Dynamic Subnet Management Like a Boss with Terraform
Background
Networking remains a core concern and enabler or disabler in Cloud Native and Kubernetes native platforms.
Getting networking right can be a great enabler or a blocker for DevOps/Platform/Security/ Site Reliability Engineers.
I often see AWS VPCs provisioned statically and subdivided in a static fashion, which always concerns me about future-proofing and making modules usable in multiple regions.
The second thing I see, which worries me is large public / private subnets in which lots of different concerns (VPN, ingress) are placed together.
This can lead to very complex security rules and not comply with network segregation requirements required set out by many Security Standards.
This also means that changes to subnet tags, security groups, and other security functions have to be co-ordinated and become a bottle-neck.
I believe both of these are very easily solvable, if we let Terraform do the thinking for us!
After all, that’s what it’s there to do !
Desirable Properties
- Not clumping everything in to one set of public / private subnets. This enables different teams to own subnet configurations and change as needed without having to “consult” other teams
- Utilise the maximum amount of availability zones for public and private subnets without planning in advance.
- Automatically calculate subnet mask and IP ranges and expose these to other modules which may need them.
- Minimise the human involvement in rolling out subnets for different regions and availability zones.
- Be future proof without having to make wholesale changes to the initial implementation.
Mental Model: Implementation Approach
- We will use a 10.x.x.x/16 CIDR for the VPC
- We will use /20 Subnets which we call “large-subnets”. These are suitable for K8s node networks and subdivision for smaller networks.
- We will use /26 Subnets which we call “small-subnets”. These will be used for things like ALB ingresses, VPN landing zones and Databases.
Phase 1: Reserve A Subnet for Subdivision
- NOTE: we could reserve multiple networks for subdivision.
- Reserving first networks works well with the Terraform module which we will use later on.
Phase 2: Dynamic Subdivision based on Number of Availability Zones
- US-EAST-1 has 6x Availability Zones
- AP-SOUTHEAST-2 has 3x Availability Zones
Terraform Module Selection
There are several options for modules that can do the heavy lifting.
- https://registry.terraform.io/modules/drewmullen/subnets/cidr/latest
- https://registry.terraform.io/modules/hashicorp/subnets/cidr/latest
I have chosen drewmullens module for a couple of reasons
- Working with network masks is a bit easier than network bits
- Ability to group subnets dynamically is useful for output parsing
Code
Results
Small and Large Subnet Division in AP-SOUTHEAST-2
Small and Large Subnet Division in US-EAST-1
Adding VPNs to Small Subnets in US-EAST-1
Conclusion
- Although this example focused on AWS, the subnetting module (and subnetting itself) is fairly vendor neutral. The code demonstrated here should be useful for Azure, GCP and other cloud providers.

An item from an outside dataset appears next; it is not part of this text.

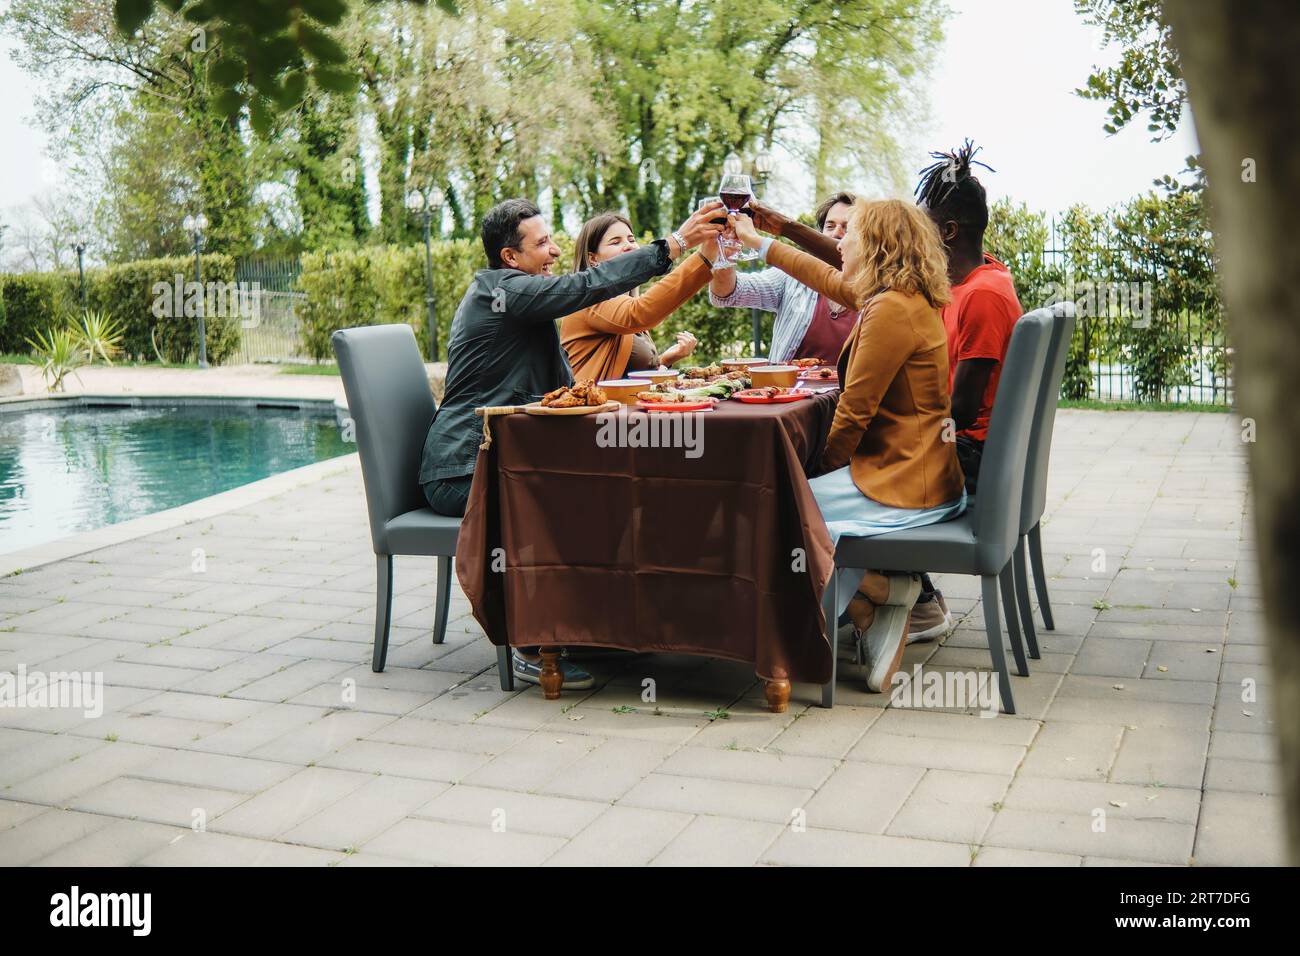 A diverse group of friends, including caucasians and an African individual, toast with wine glasses in a garden courtyard by the pool. They sit togeth Stock Photo

- I didn’t manipulate the outputs too much, but having a squashed down CIDR list would be useful. This can be achieved fairly easily as the grouped_by_separator output is a very useful map
- There is a small chance that more availability zones become available in areas like Oregon (4 currently) that could undo the maths. One possible fix is to provision subnets in factors of 3x which will give you a good balance in everywhere except Oregon.
- There are a whole lot of ways to make the dynamic map generation smarter. I have not done this in the example for code readability.
- I generally think keeping the subnet mask the same for the small-subnets and just reserving another large subnet is a better choice. Remember want to grab a network that is close to our needs and provision without overthinking about subnet math!